Oliver said Kristianson was “brazen, bold and only getting more and more emboldened as the years went on.”
One accuser was 14 when she met him in 1999 through a YMCA summer camp, Oliver said, adding the defendant was 21. “Flirtatious” messages eventually graduated to him taking her to a Trabuco Hills High School dance, Oliver said.
Kristianson would engage in sex acts with her in a local community center and in his car, Oliver said.
“She repeatedly said to him she wanted to be his girlfriend,” Oliver said. “She was so excited to go to the dance with him. She loved the attention she was getting from him.”
Another accuser met him in 1998 when she was 11 years old, Oliver said. The defendant sexually assaulted her as they watched a movie together, Oliver argued.
Another accuser said she met him when she was 11 in 2002 and he was a cheerleading coach at Magic All-Stars.
One accuser said he started molesting her when she was 9 years old in 2002 through 2004, Oliver said.
Another accuser was 15 when the defendant allegedly sexually assaulted her as her cheerleading coach, Oliver said. He would allegedly pick her up at Dana Hills High School and assault her in her home jacuzzi and in her bedroom, Oliver said.

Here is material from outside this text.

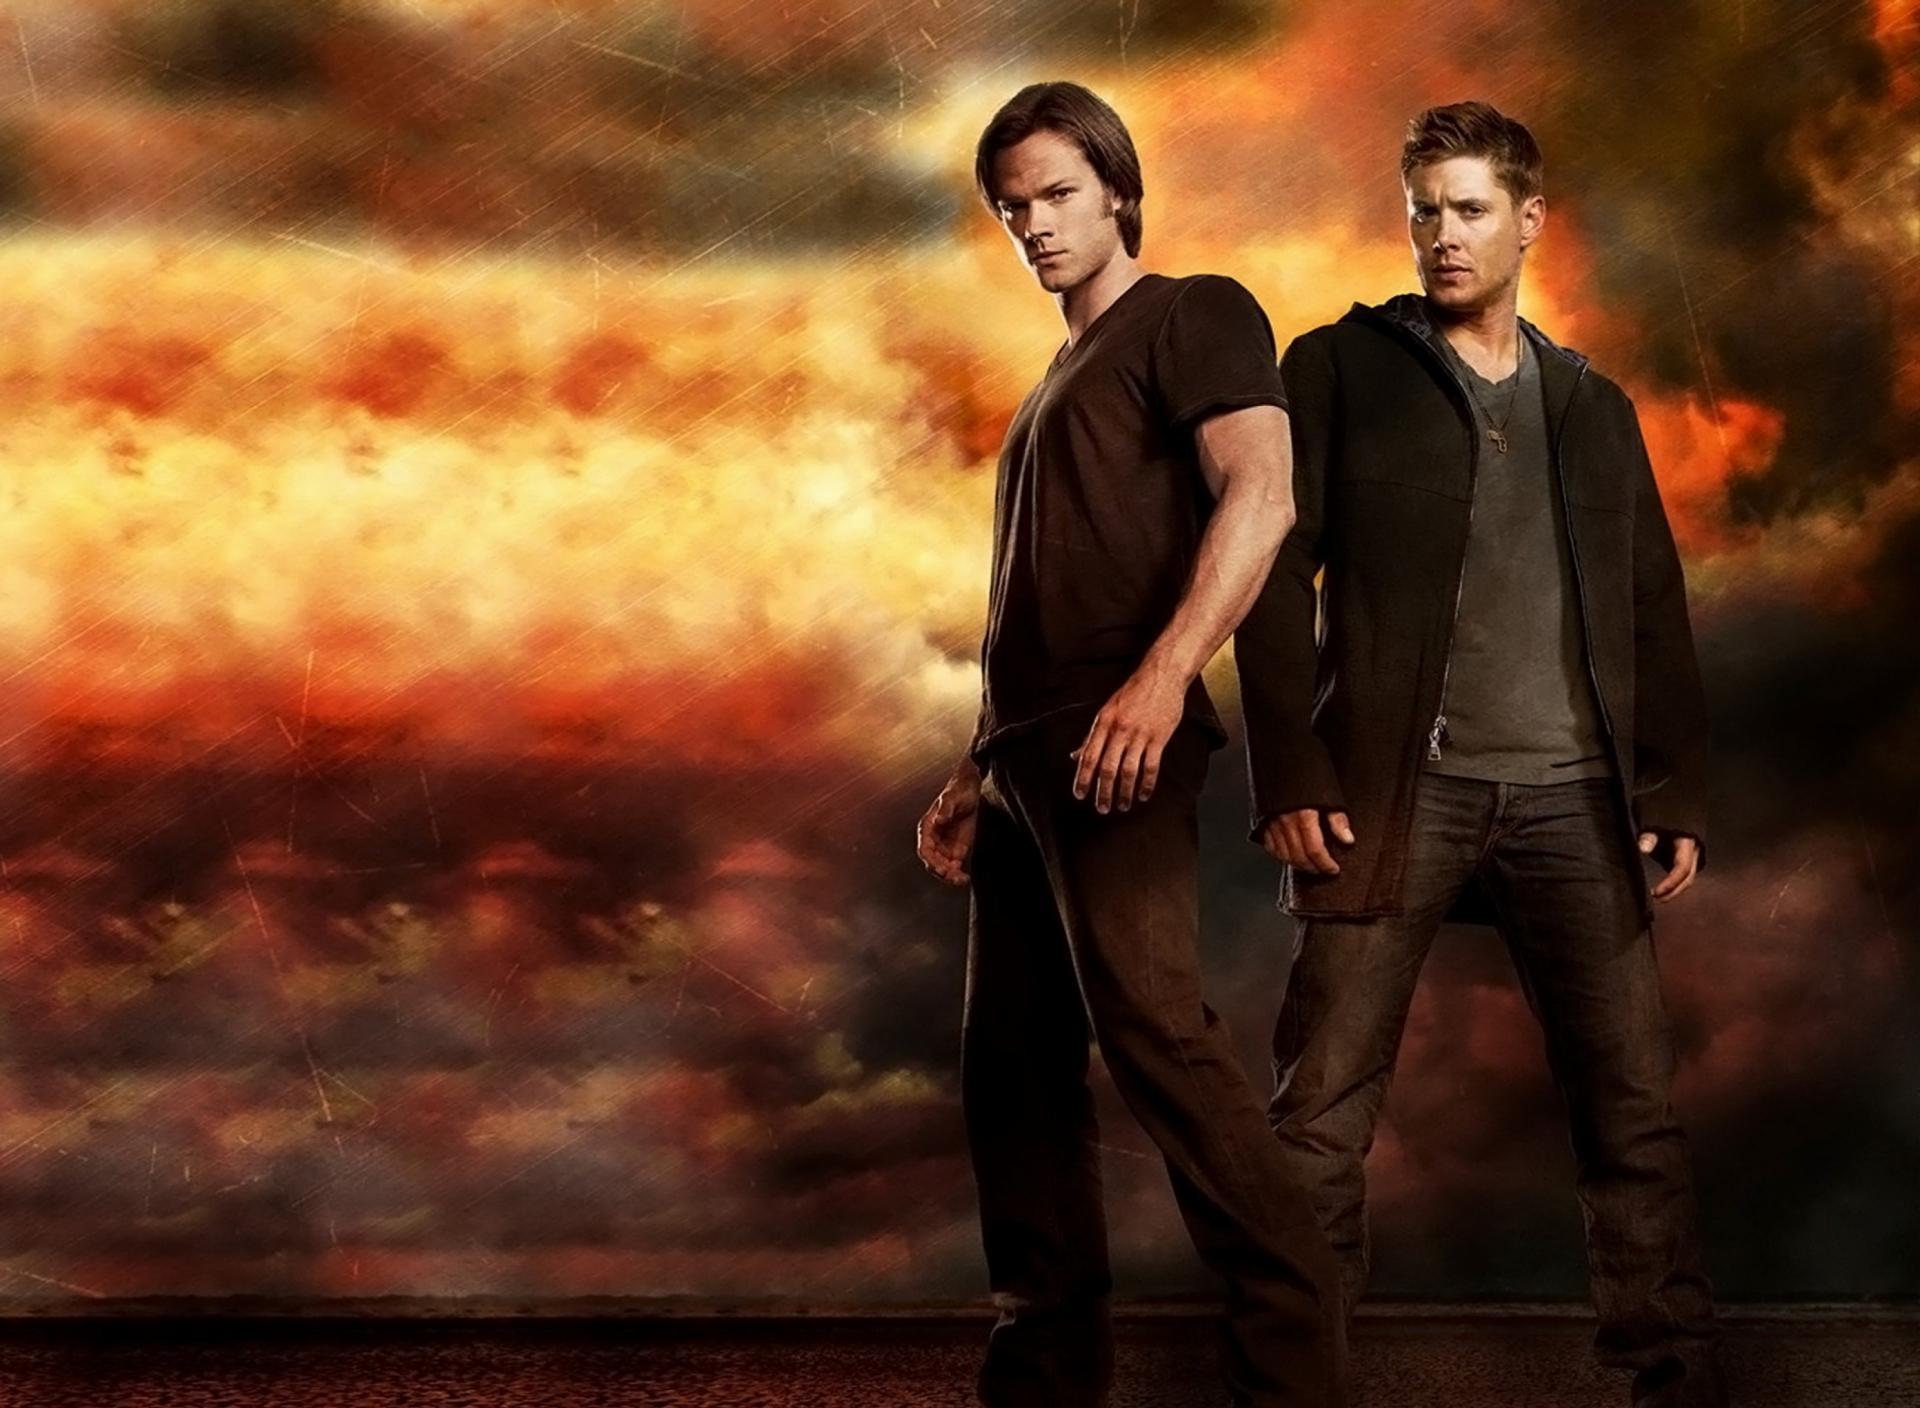 Supernatural-PC-Wallpaper-

Another accuser was 16 when she met him through cheerleading in 2004, and another alleged victim was 13 around the same time, Oliver said.

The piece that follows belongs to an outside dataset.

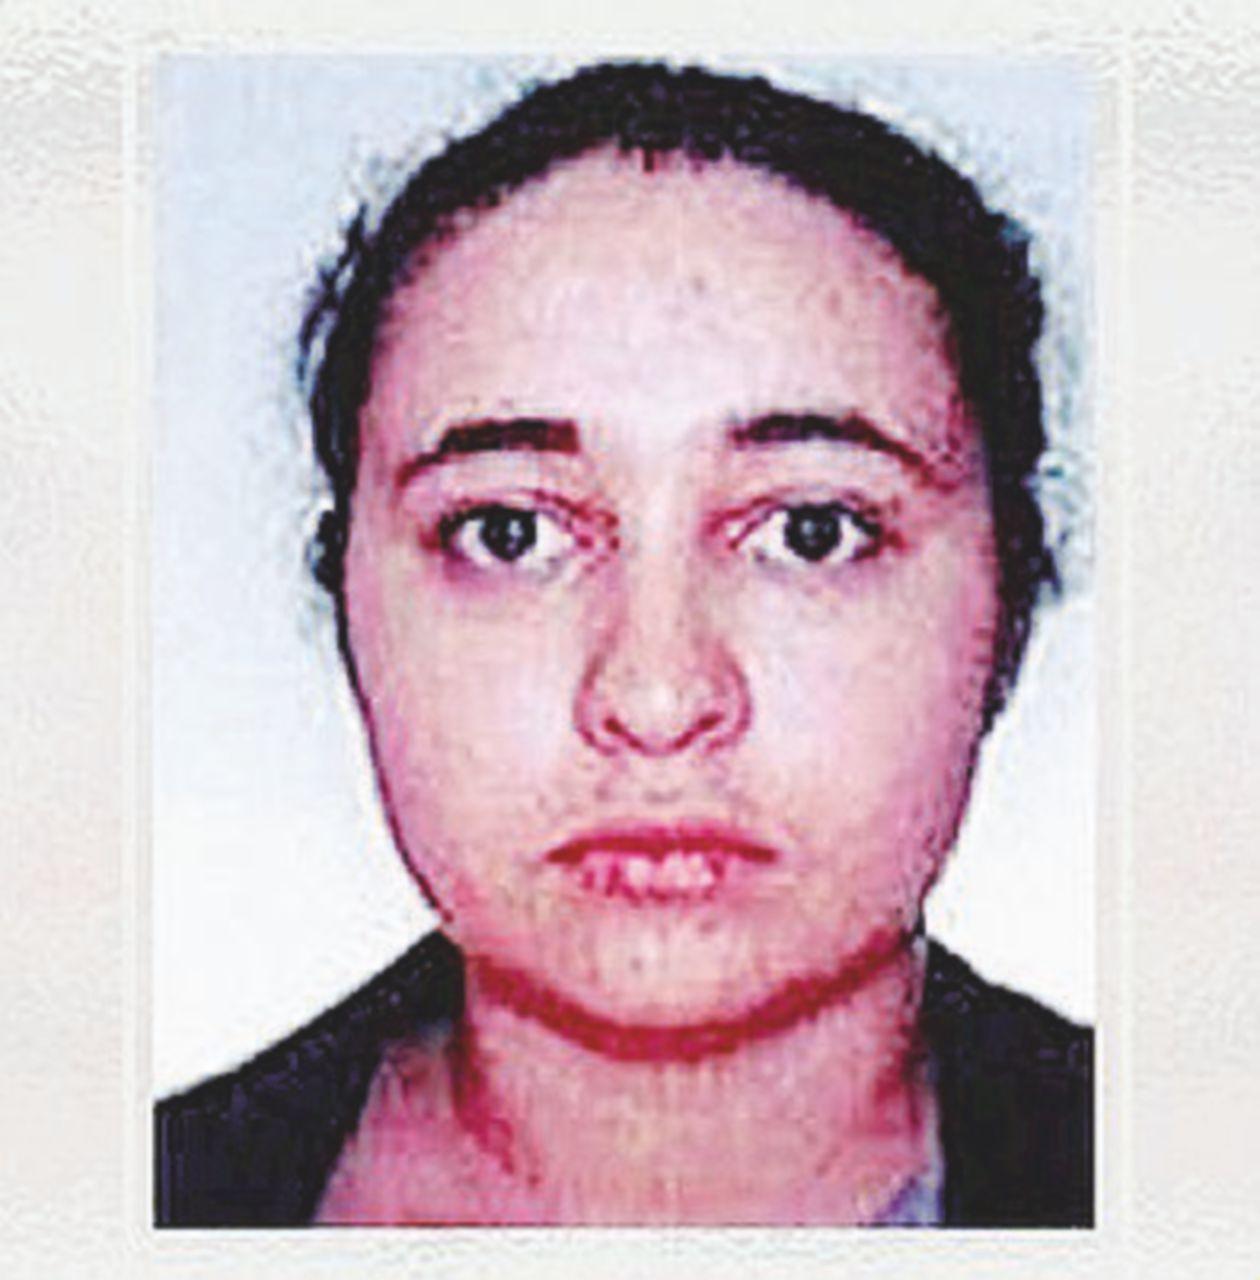 Il commando di Inés: le ragazze del jihad francese fanno paura

One accuser “felt she was in a relationship with the defendant,” Oliver said.
“She felt that she loved him and that he loved her,” Oliver said. “Up until recently she felt she still loved him, something she’s battled with.”
Another alleged victim said she was 12 when he molested her, Oliver said.
That accuser testified she’s struggled with substance abuse, Oliver said.
Kristianson’s attorney, Cyrus Shahrooz Tabibnia argued that one of the accusers remained his “friend” on Instagram over the past “15 or 20 years or so,” until he was arrested.
“I would suggest her claims are not credible,” Tabibnia said.
The defense attorney also argued that some of the accusers could not accurately describe his residences or other details when he questioned them during testimony.
Some of the accusers are “relying on alleged memories from 25 years ago. This is the problem with this case,” Tabibnia said.
Two of the accusers have substance abuse issues and jurors could consider that to weigh their credibility, Tabibnia argued.